Why not score each spot using a single pixel score value?

Pixel scores can be inflated by single overly-bright round/channel anomalies since they are computed using a non-robust least squares calculation. This could be from real autofluorescence or from mistakes in registration. For this reason, a spot's score is better represented by using pixel score data from its neighbourhood. The mean spot is an estimation of how much care to put in the local, spatial neighbourhood.

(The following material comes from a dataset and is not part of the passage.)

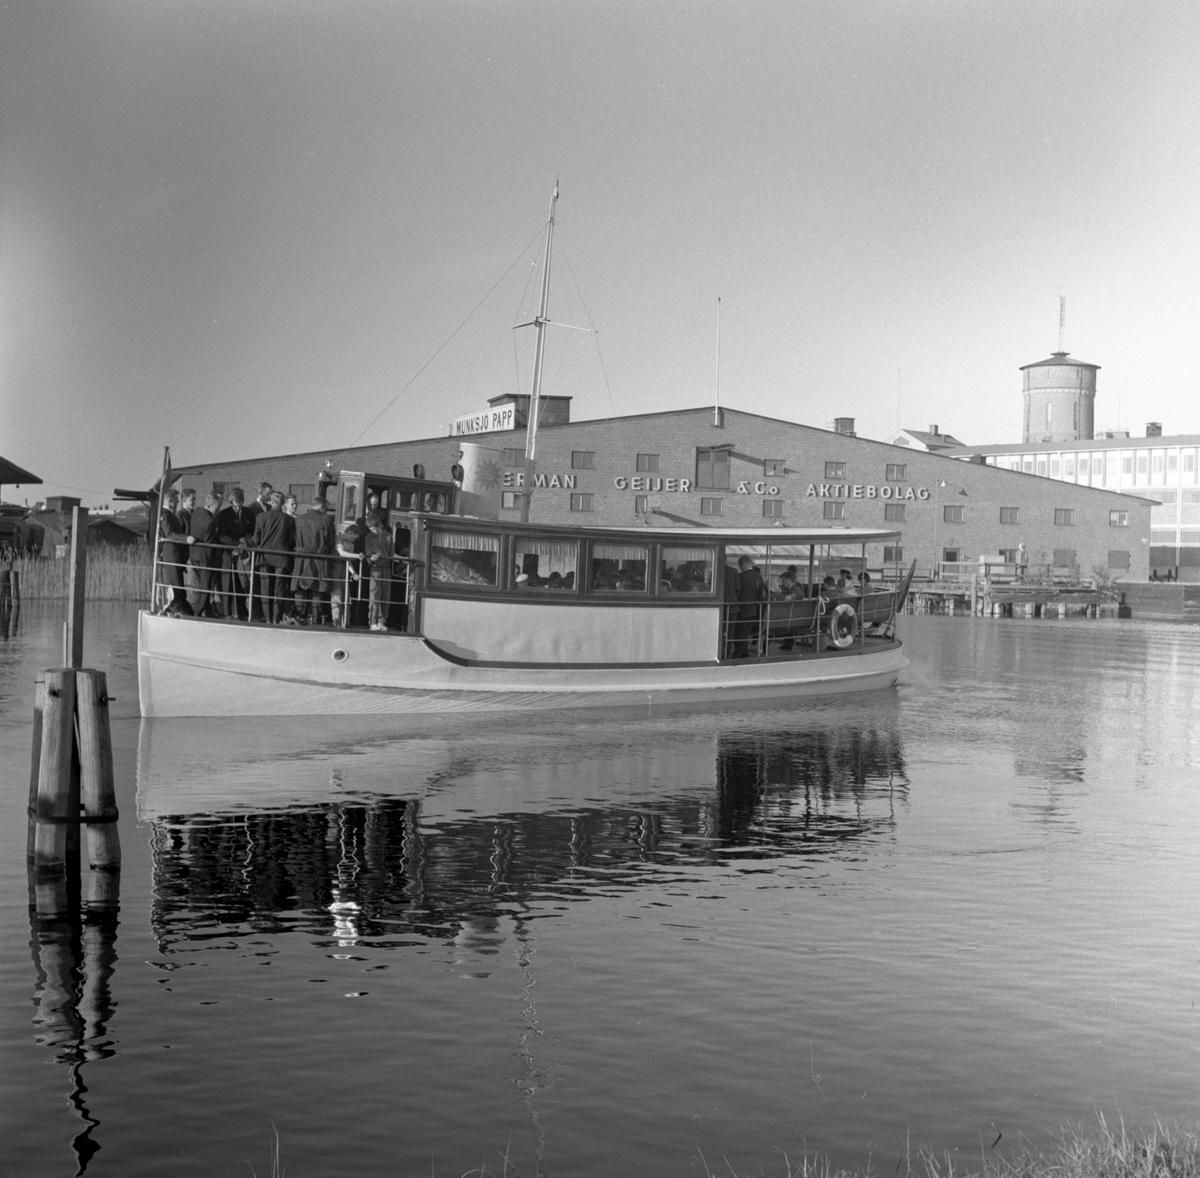 Studenter tar båten till restaurang Tynäs 590524.

If you still wanted to score each spot by a single pixel score value, create your own 1x1x1 mean spot with value \(>0\) and run OMP again.

Diagnostics

Intensity

It is recommended to view the pixel intensities on a histogram first by typing

from coppafisher import Notebook
from coppafisher.plot import intensity

nb = Notebook("/path/to/notebook")
intensity.view_intensity_histogram(nb)

On this plot, you can see vertical lines to indicate important intensity values.

Use the diagnostic to see intensity images. Once OMP is complete, you can view the minimum intensity computed for each tile by doing

from coppafisher import Notebook

nb = Notebook("/path/to/notebook")
print(nb.omp.results[f"tile_{tile}"].attrs["minimum_intensity"])

where tile is the tile index.

Viewer

Use the Viewer to check the final gene reads made by OMP.

PDF

Check the _omp.pdf file created at runtime in the output directory for details on the OMP mean spot, the spot score distributions, gene counts, and gene locations.